WHAT IS NEEDED: Would you print out all of the data exactly and keep the pictures out of it?

Start of COLLECTED DATA

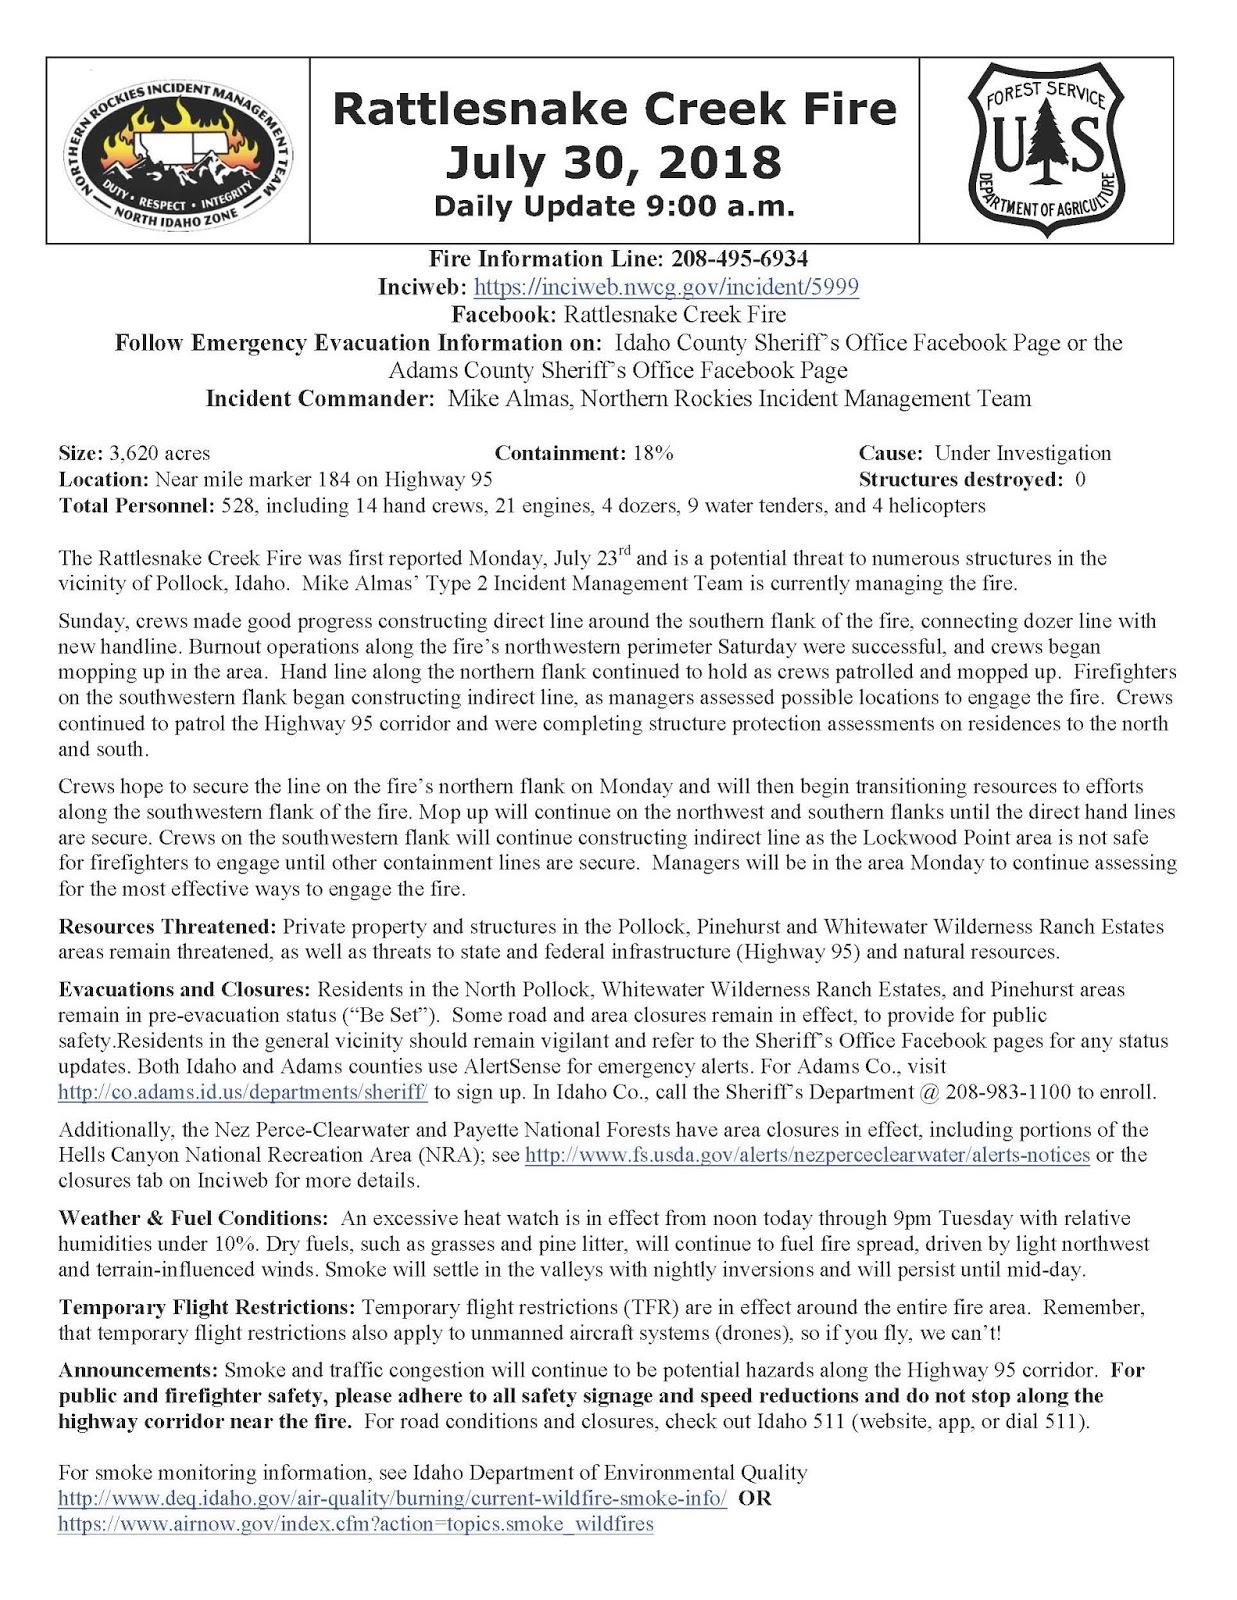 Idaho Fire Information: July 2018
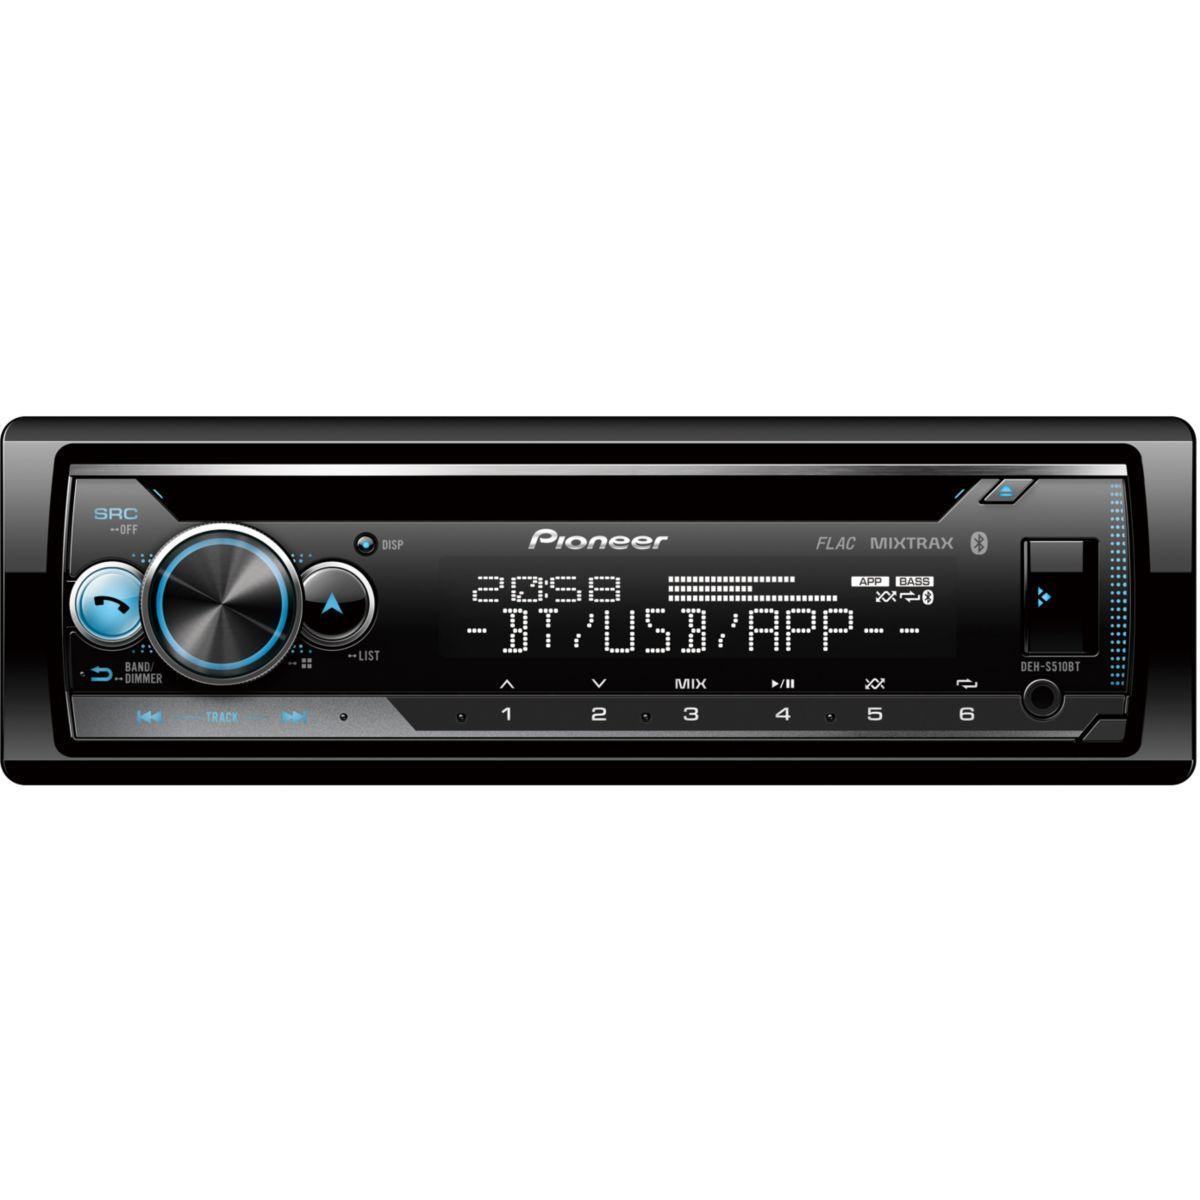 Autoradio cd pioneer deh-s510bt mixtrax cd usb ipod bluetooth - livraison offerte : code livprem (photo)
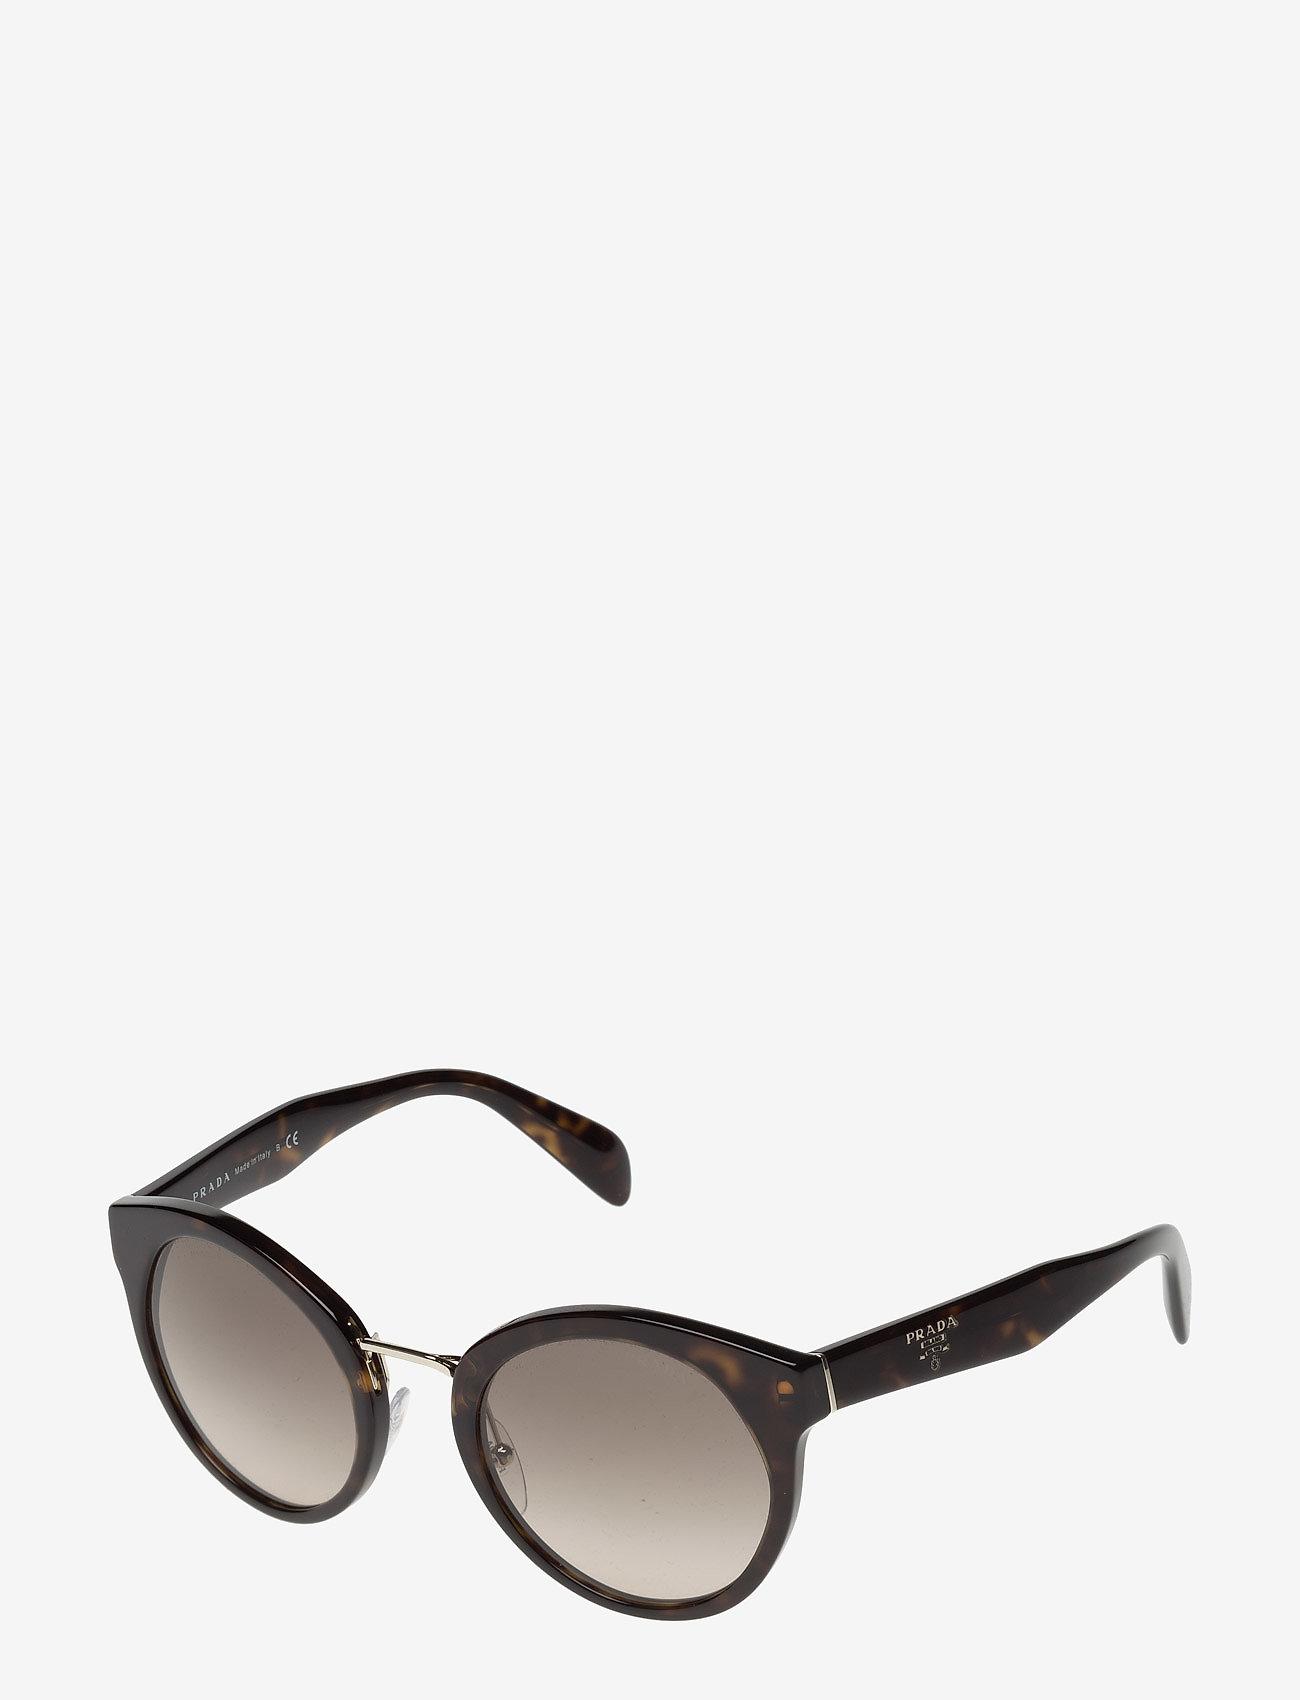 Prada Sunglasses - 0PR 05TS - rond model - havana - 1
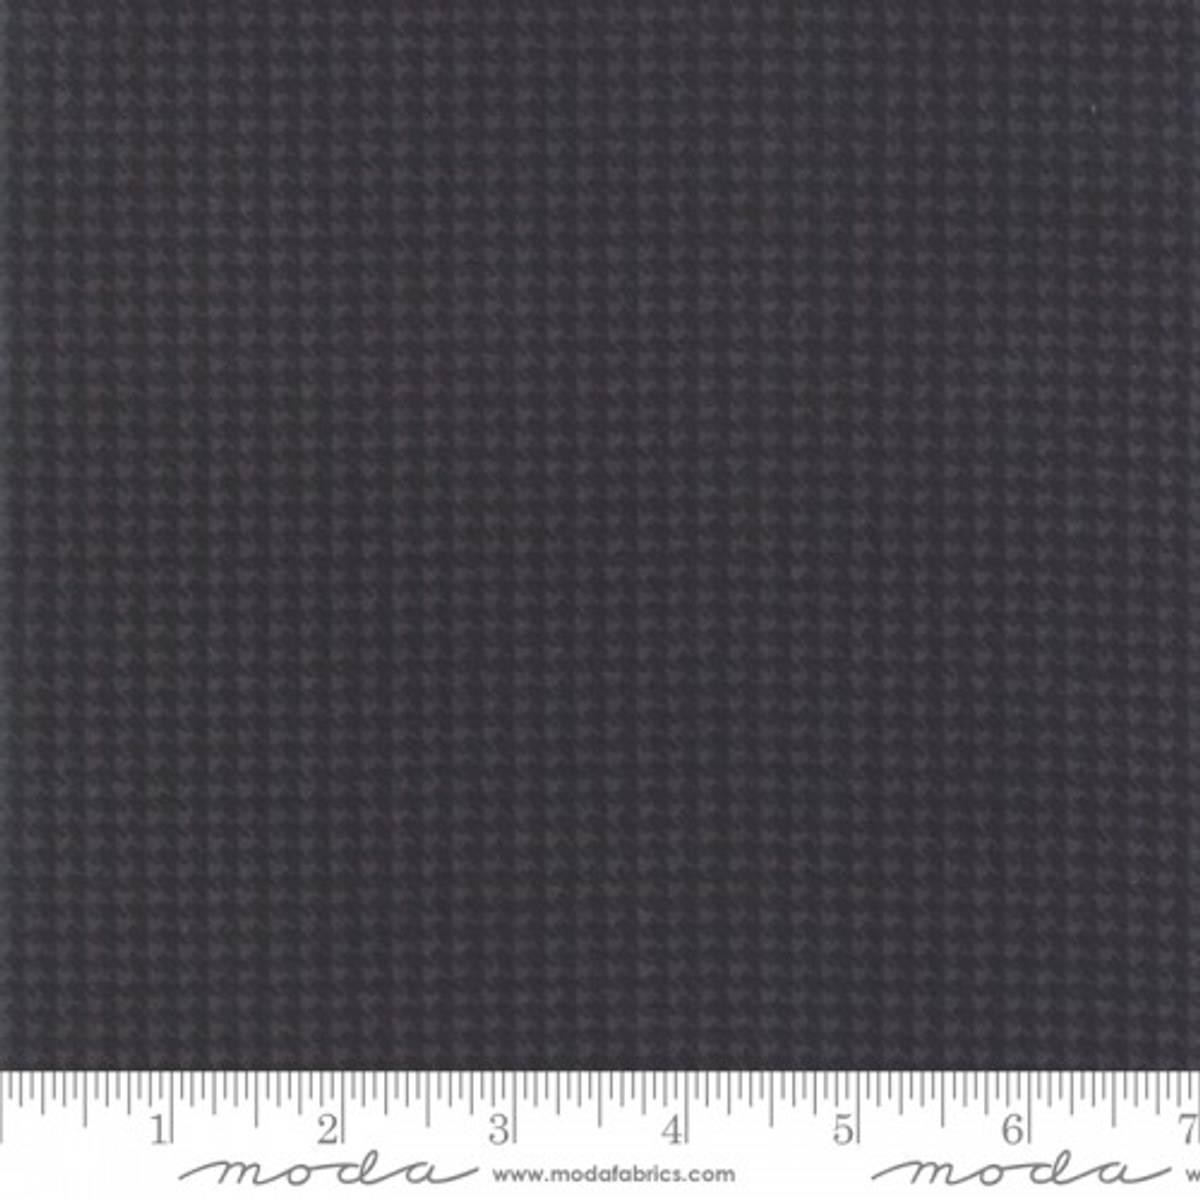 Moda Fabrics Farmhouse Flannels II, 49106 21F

End of COLLECTED DATA

EXERCISE ANSWER:
 Idaho Fire Information: July 2018
 Autoradio cd pioneer deh-s510bt mixtrax cd usb ipod bluetooth - livraison offerte : code livprem (photo)
 Prada Sunglasses - 0PR 05TS - rond model - havana - 1
 Moda Fabrics Farmhouse Flannels II, 49106 21F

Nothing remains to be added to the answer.